TV DRO¶
- class dro.linear_model.tv_dro.TVDRO(input_dim, model_type='svm', fit_intercept=True, solver='MOSEK', kernel='linear', eps=0.0)¶
- Bases: - BaseLinearDRO- Total Variation Distributionally Robust Optimization (TV-DRO) model. - Implements DRO with TV ambiguity set defined as: \[\mathcal{P} = \{ Q \, | \, \text{TV}(Q, P) \leq \epsilon \}\]- where \(\text{TV}\) is the total variation distance. - Initialize TV-constrained DRO model. - Parameters:
- input_dim (int) – Feature space dimension. Must be ≥ 1 
- model_type (str) – - Base model architecture. Supported: - 'svm': Hinge loss (classification)
- 'logistic': Logistic loss (classification)
- 'ols': Least squares (regression)
- 'lad': Least absolute deviation (regression)
 
- fit_intercept (bool) – Whether to learn intercept term \(b\). Disable for pre-centered data. Defaults to True. 
- solver (str) – Convex optimization solver. Recommended: - - 'MOSEK'(commercial)
- kernel (str) – the kernel type to be used in the optimization model, default = ‘linear’ 
- eps (float) – - TV ambiguity radius. Special cases: - 0: Standard empirical risk minimization 
- >0: Controls distributional robustness 
 
 
- Raises:
- If input_dim < 1 
- If eps < 0 
 
 - Example:
- >>> model = TVDRO( ... input_dim=5, ... model_type='svm', ... eps=0.1 ... ) >>> model.eps # 0.1 
 - threshold_val¶
- Decision boundary threshold (set during fitting) 
 - update(config)¶
- Update the model configuration. 
 - fit(X, y)¶
- Fit the model using CVXPY to solve the robust optimization problem with TV constraint. - Parameters:
- X (numpy.ndarray) – Training feature matrix of shape (n_samples, n_features). Must satisfy n_features == self.input_dim. 

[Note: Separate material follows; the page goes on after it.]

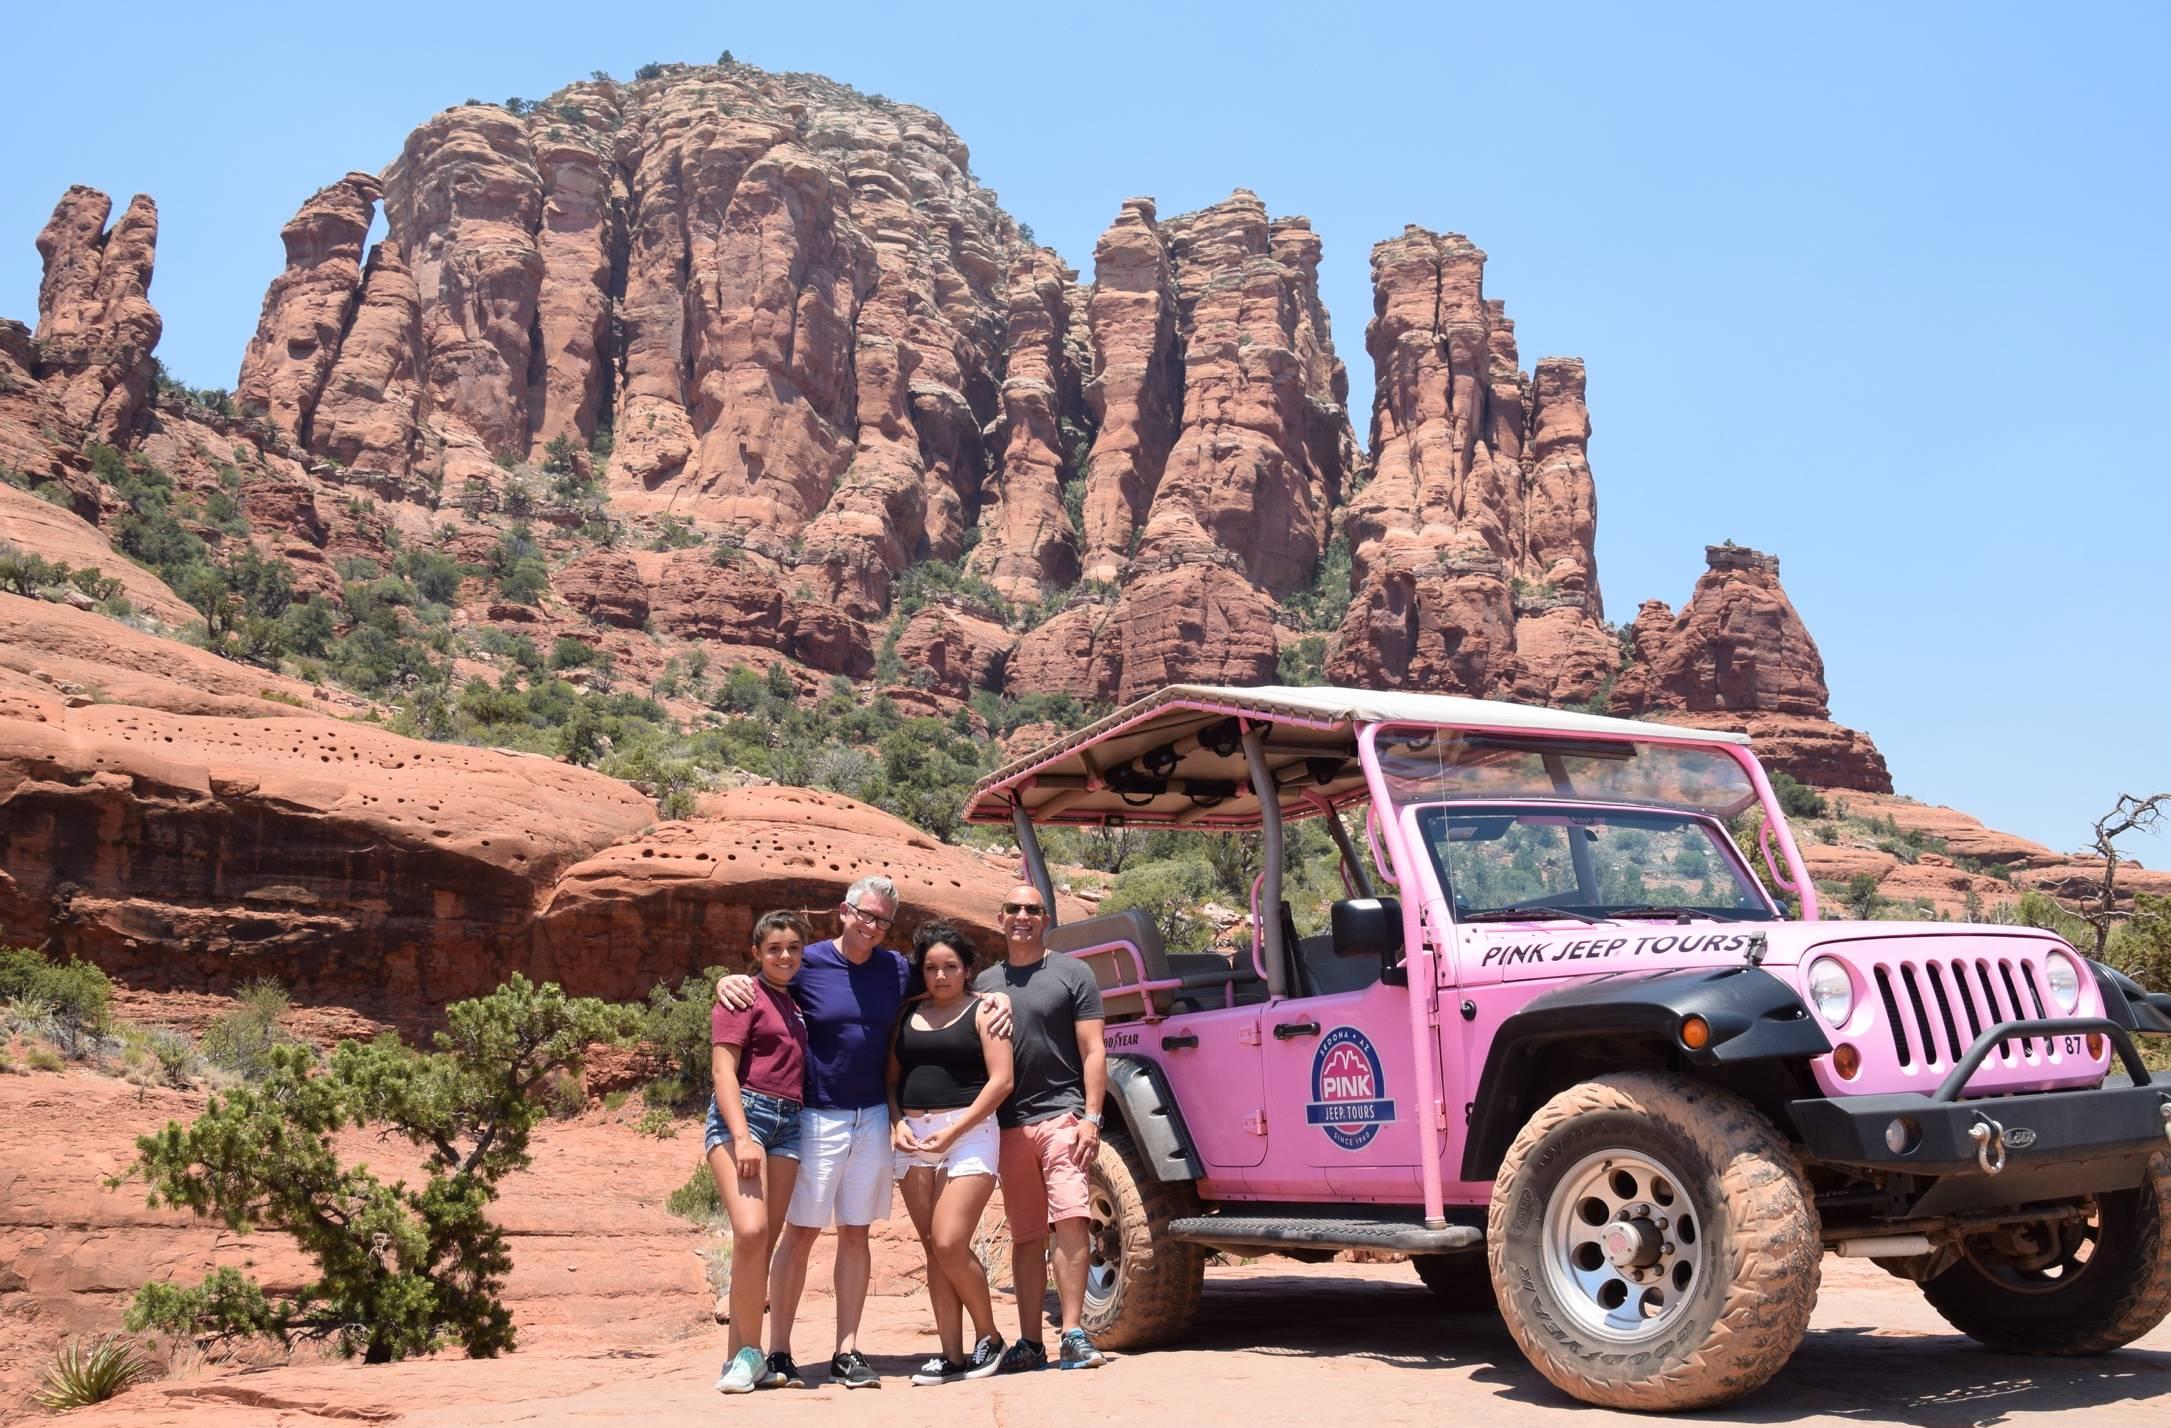 Pink Jeep Tours Sedona Arizona

- Y (numpy.ndarray) – - Target values of shape (n_samples,). Format requirements: - Classification: ±1 labels 
- Regression: Continuous values 
 
- y (ndarray) 
 
- Returns:
- Dictionary containing trained parameters: - theta: Weight vector of shape (n_features,)
- threshold
- b
 
- Return type:
- Dict[str, Any] 
 - .raises: TVDROError: If the optimization problem fails to solve. 
 - worst_distribution(X, y, precision=1e-05)¶
- Compute the worst-case distribution based on TV constraint. - Parameters:
- X (numpy.ndarray) – Feature matrix of shape (n_samples, n_features). Must match the model’s input_dim (n_features). 
- y (numpy.ndarray) – Target vector of shape (n_samples,). For regression tasks, continuous values are expected; for classification, ±1 labels. 
- precision (float) 
 
- Returns:
- Dictionary containing: - sample_pts: Original data points as a tuple- (X, y)
- weight: Worst-case probability weights of shape (n_samples,)
 
- Return type:
- Dict[str, Any] 
 - .raises: TVDROError: If the worst-case distribution calculation fails.